JP2715776B2 - MOS type sample and hold driver circuit device - Google Patents

Description

DETAILED DESCRIPTION OF THE INVENTION

[0001]

BACKGROUND OF THE INVENTION 1. Field of the Invention The present invention relates to a MOS type sample and hold driver circuit device comprising MOS transistors used for driving a liquid crystal display element.

[0002]

2. Description of the Related Art A conventional MOS sample-and-hold driver circuit device will be described below. FIG. 4 shows a conventional M
FIG. 3 is a circuit diagram of an OS-type sample-and-hold driver circuit device. In FIG. 4, 1 is an analog signal, 2 is a first switch element, 3 is a control signal for controlling the first switch element 2, and 4 is a hold capacitor that holds the charge flowing through the first switch element 2. Reference numeral 5 denotes a differential amplifier for amplifying the voltage held in the hold capacitor 4 by inputting the voltage to a non-inverting input terminal. Reference numeral 6 denotes a source follower circuit that receives the output of the differential amplifier 5 as an input. Be composed. Reference numeral 9 denotes an external output terminal of the sample hold driver circuit device, and reference numeral 10 denotes a load capacitance of the external output terminal 9.
The output terminal of the source follower circuit 6 is connected to the external output terminal 9 and the inverting input terminal of the differential amplifier 5 to form a buffer circuit having an amplification factor of 1. Reference numeral 11 denotes a constant voltage signal connected to the gate of the PMOS transistor 7;
Is a PMO that fixes the external output terminal 9 to the power supply potential for a certain period.
The S transistor 13 is a control signal connected to the gate of the PMOS transistor 12 and having a phase opposite to that of the control signal 3.

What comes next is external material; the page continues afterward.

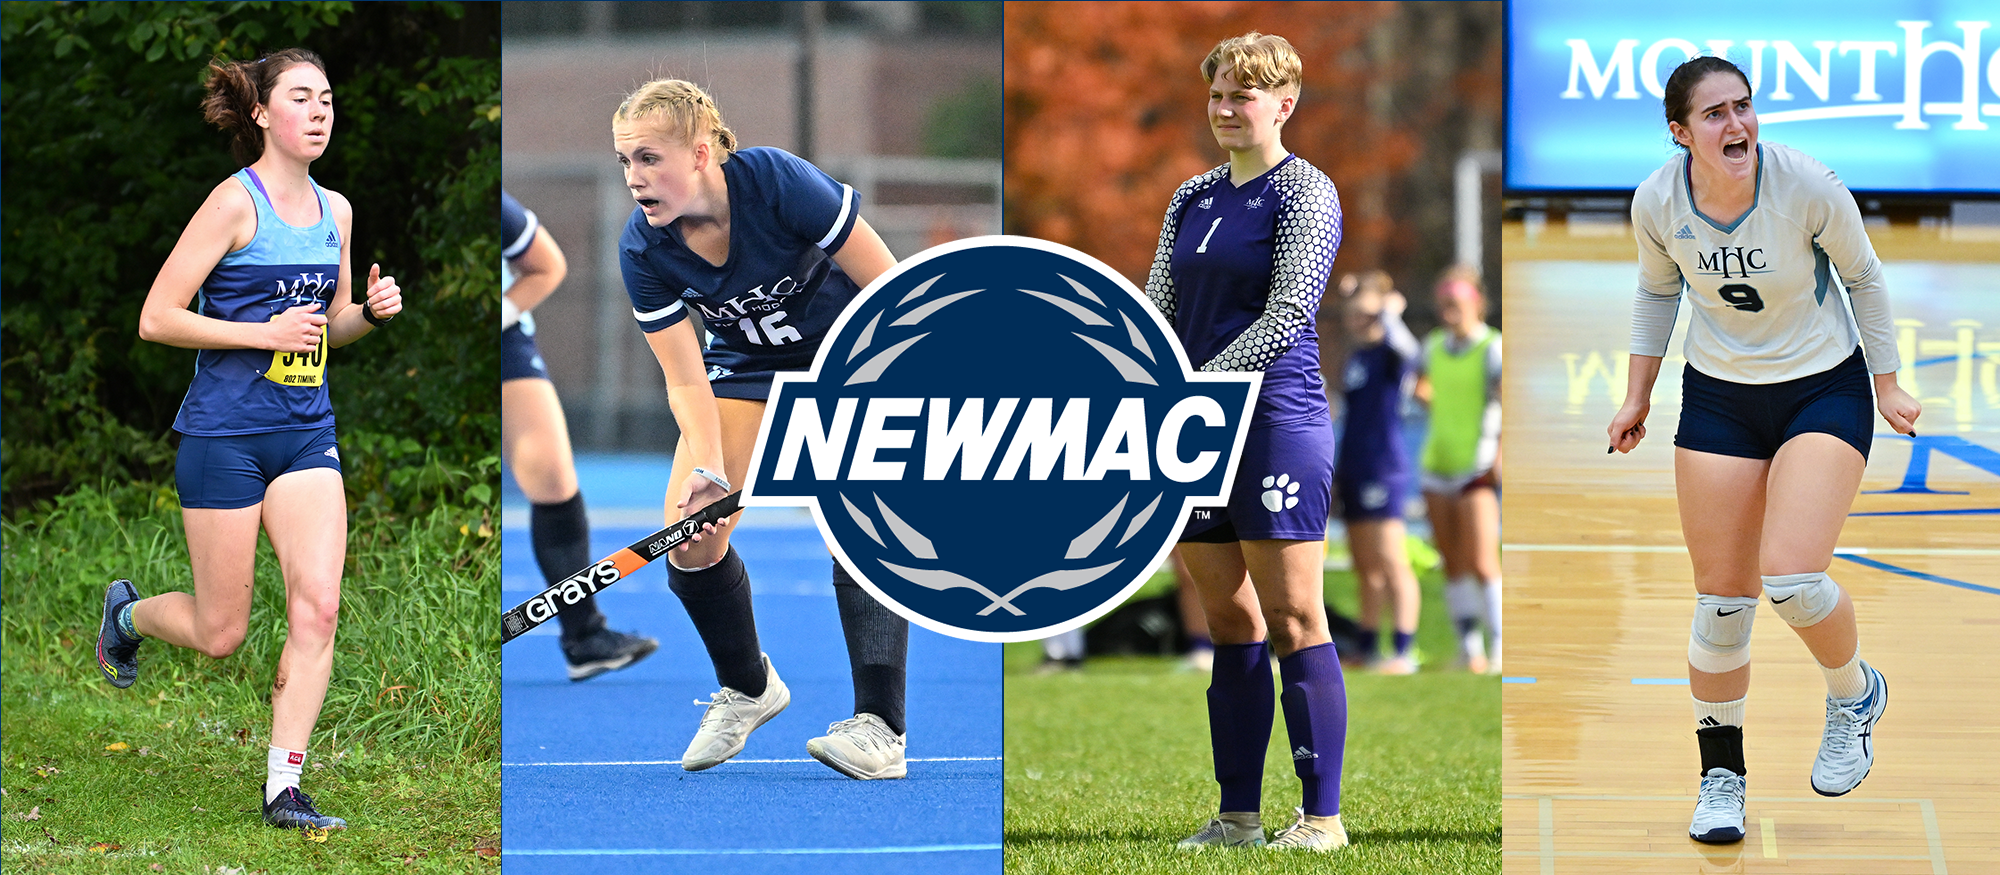 Mount Holyoke's 35 NEWMAC Fall Academic All-Conference honorees include seniors Lily Nemirovsky (cross country), Amanda Thibodeau (field hockey), Shannon Breen (soccer), and Lucie Berclaz (volleyball). (File photos by RJB Sports)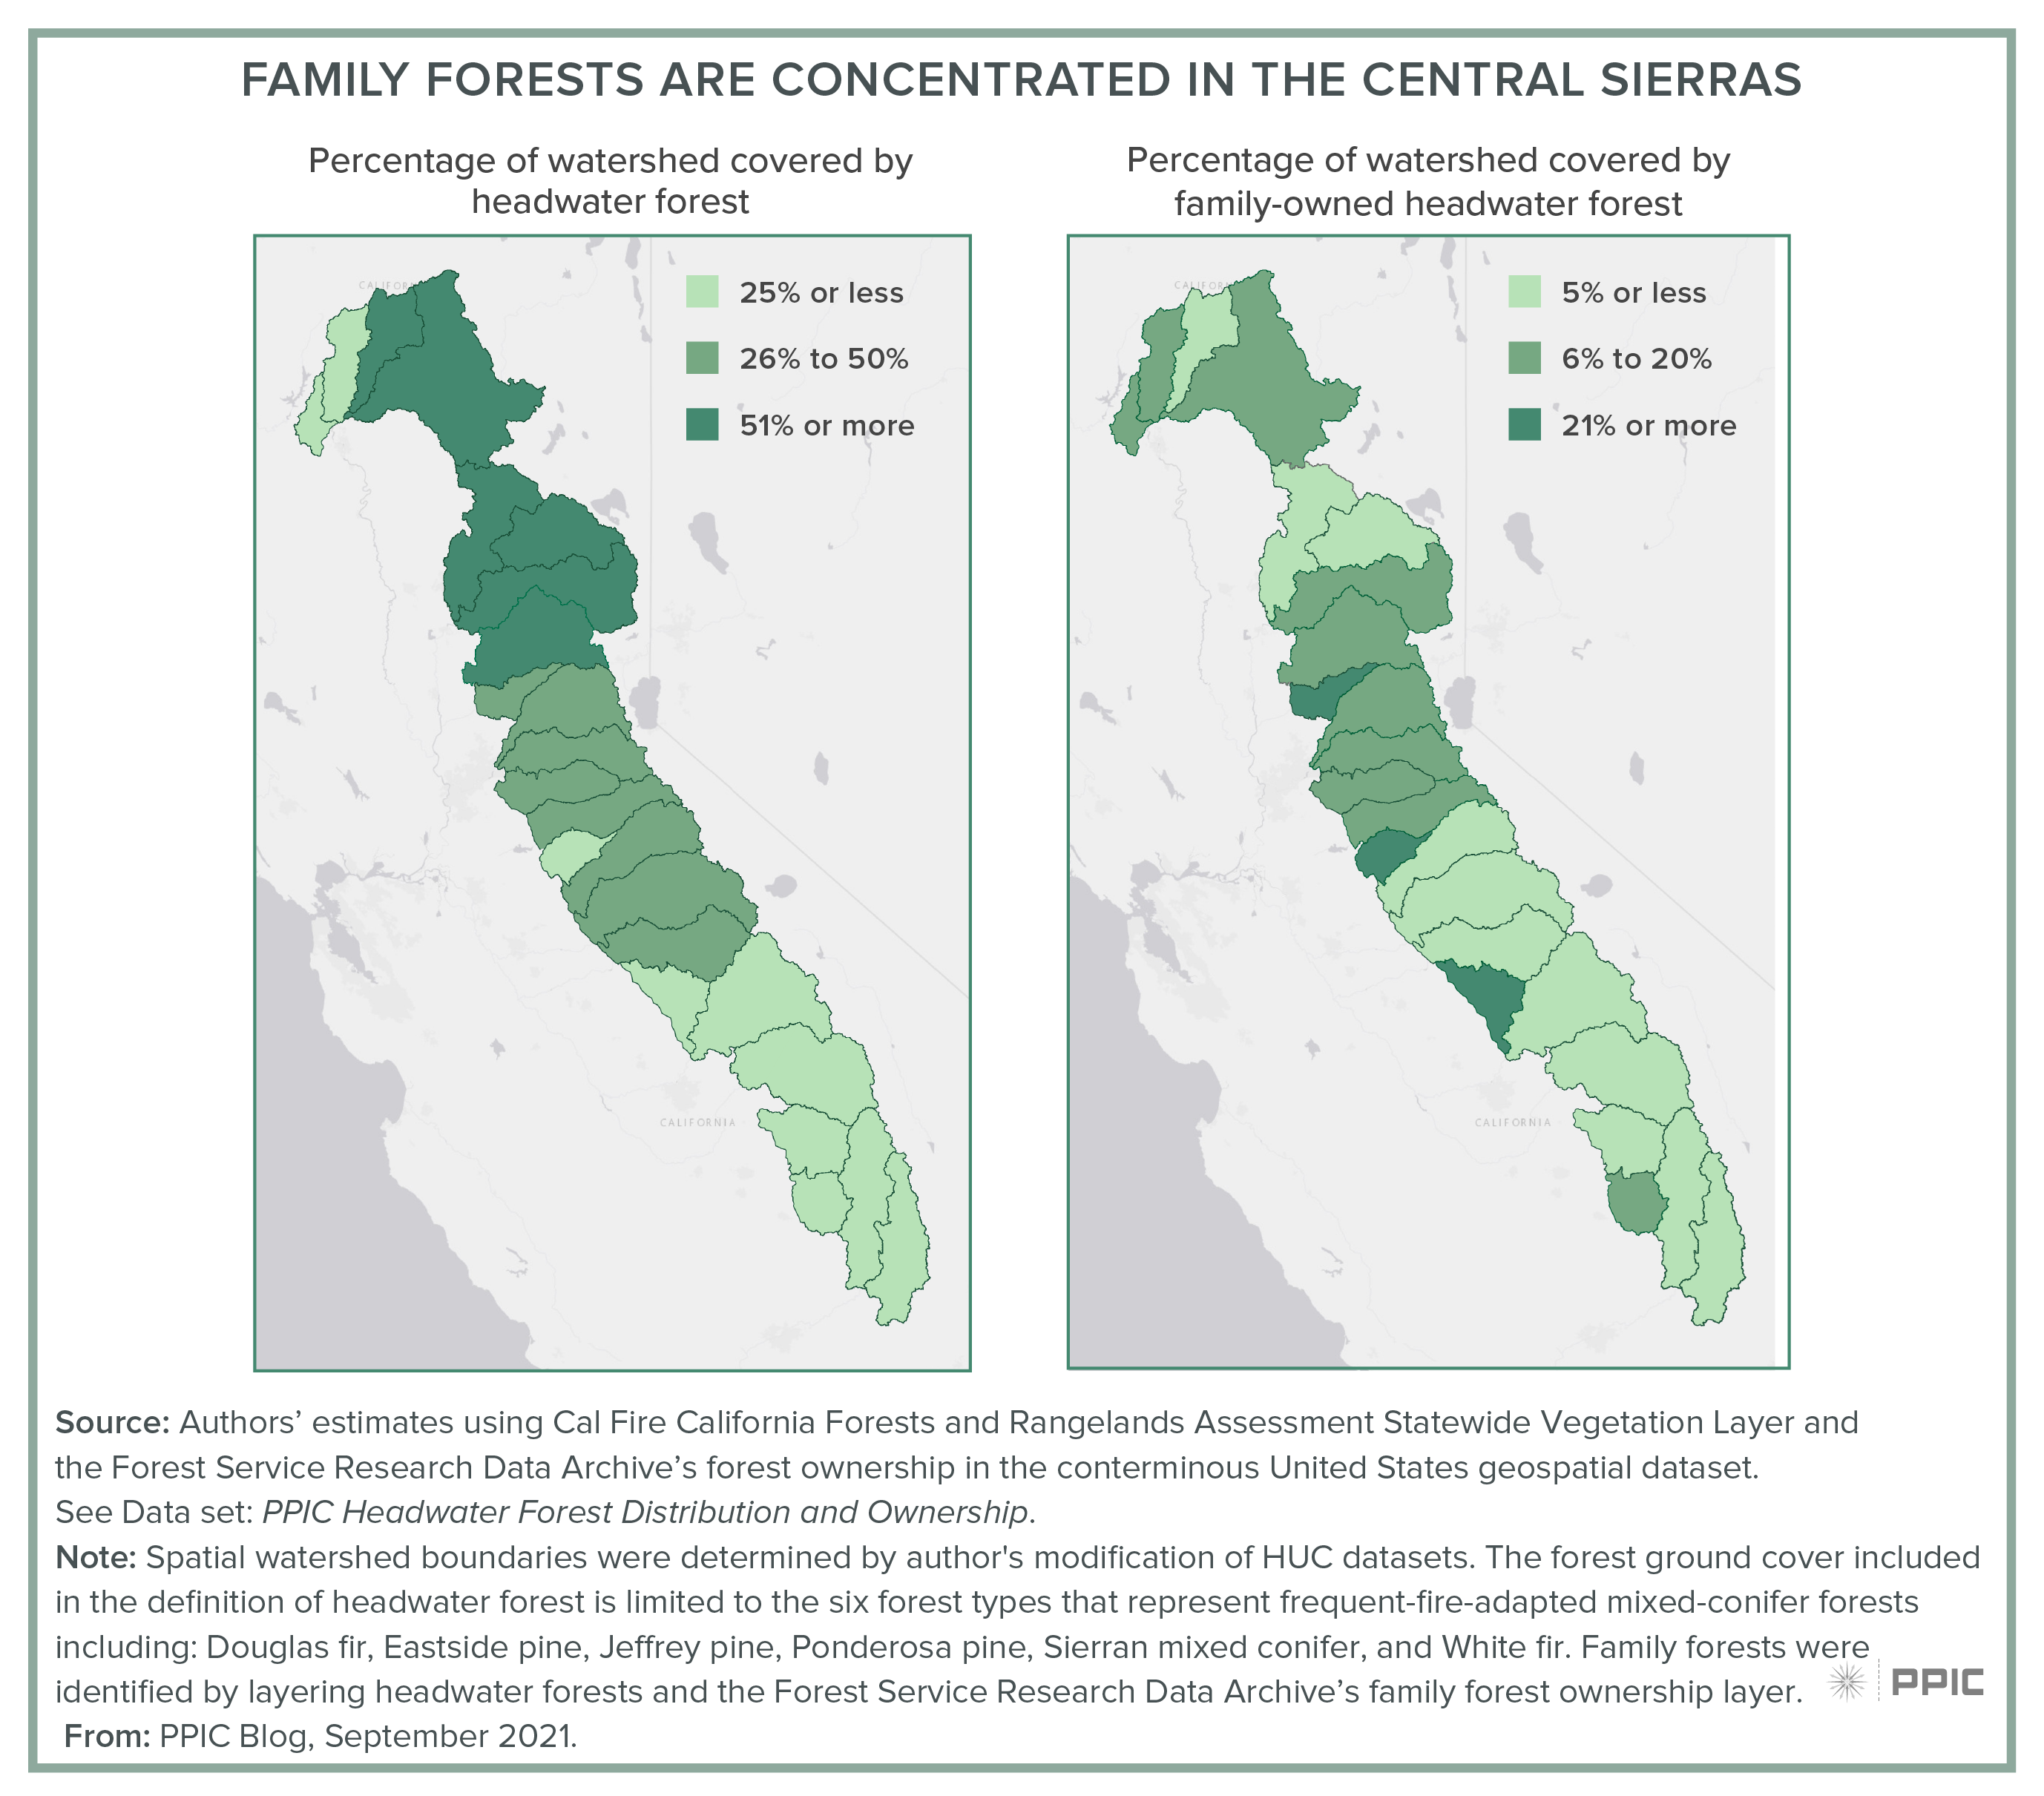 figure - Family Forests Are Concentrated in the Central Sierras

The operation of the conventional MOS sample / hold driver circuit device configured as described above will be described below. However, FIG. 4 shows the case where the control signal 3 of the first switch element 2 is equal to the power supply potential (hereinafter referred to as “
H "), that is," O "
N ", and when the control signal 3 is equal to the ground potential (hereinafter referred to as" L "), the first switch element 2
Is reversed from that in FIG. First, the control signal 3 becomes “H”.
Then, when the first switch element 2 is turned on, the electric charge flows into the hold capacitor 4 via the first switch element 2, so that the potential of the analog signal 1 is sampled. During this period, the control signal 13 is "L" and the PMO
Since the S transistor 12 is ON, the external output terminal 9 is fixed at the power supply potential, and the load capacitance 10 is charged rapidly. Next, the control signal 3 is set to "L" and the control signal 13 is set to "L".
When the first switch element 2 and the PMOS transistor 12 are turned OFF by setting the voltage to H ”, the voltage of the hold capacitor 4 is input to the non-inverting input terminal of the differential amplifier 5. Next, the differential amplifier 5 and the source follower The voltage sampled by the buffer circuit constituted by the circuit 6 is output to the external output terminal 9. The sampled voltage is supplied to the first output terminal 9.
Switch element 2 and PMOS transistor 12
Output continues until N is reached.

[0004]

However, in the above conventional configuration, the external output terminal 9 is still at the power supply potential when the first switch element 2 is switched from ON to OFF and the sampling operation is completed. Since feedback is applied while being connected to the differential amplifier 5, it takes time for the output voltage of the buffer circuit composed of the differential amplifier 5 and the source follower circuit 6 to stabilize, and the response of the output voltage becomes slow. Had.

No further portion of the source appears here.